Guizhou pony
- Country of origin: China

= Guizhou pony =

Breed of horse

The Guizhou pony is a small pony from the Guizhou province of China.

==History==

As Guizhou is a mountainous province, agriculture was developed as early as 770 B.C. in the basin area of the province, and trade in horses and salt was of great importance. Some breeds from outside the country were introduced in the 1950s but did not bring beneficial results, so the Guizhou is still bred in pure form and is classified as a native breed.

==Uses==

In plantation areas the horses were used mainly for cultivation and transport.

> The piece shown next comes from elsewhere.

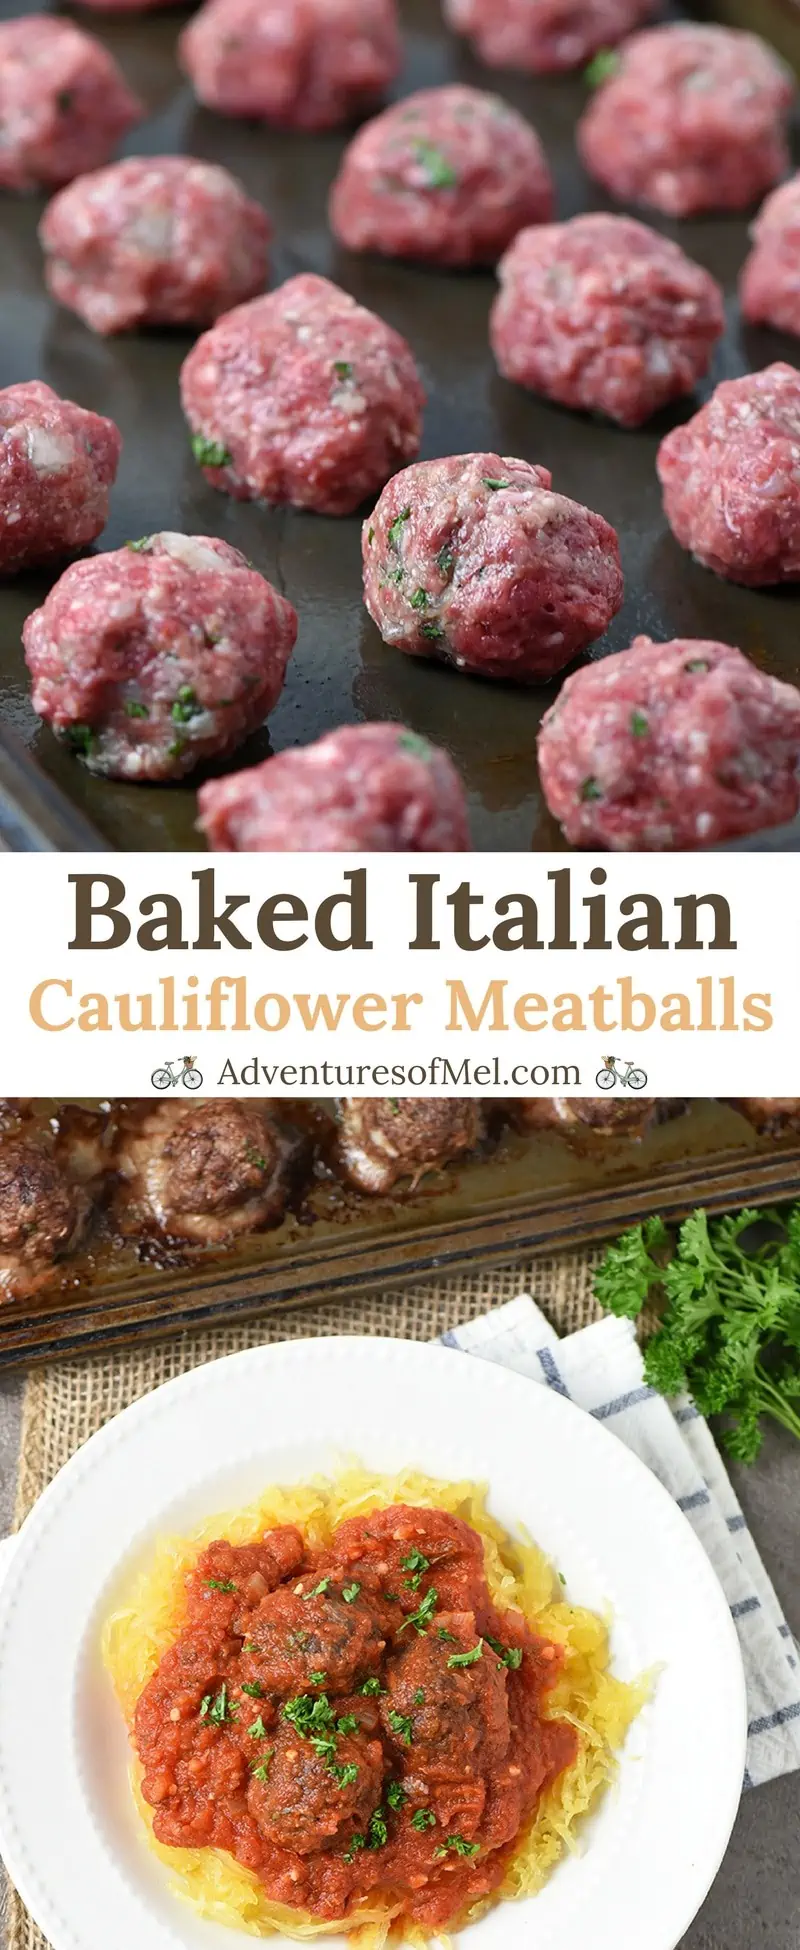 Baked Italian Cauliflower Meatballs Recipe

In hilly regions this breed has always been a good pack horse, somewhat smaller than the type used for agricultural purposes. The Guizhou horse is active and vigorous, good for travel in hilly regions, and can trot at a steady speed for long distances. This breed is the main power source for the mountain farmers.

==Characteristics==

Approximately half of the Guizhou horses are bay or chestnut, others being gray, black, and dun. This horse is compact and short bodied with a solid build. The head has a straight profile, ears small and set up. In the riding type the neck tends to be sloped, while the pack type has a level neck. The withers are medium in height and length; the chest is of good width and depth; the rump is short and sloping but well muscled; the shoulder is short and tends to be straight. The forelegs have good posture while the hind legs are often sickled; the hoof is solid and tough and shoes are unnecessary even in the mountains. The skin is thin; mane and tail are think. Guizhou horses are willing and obedient and have a kind, patient temperament.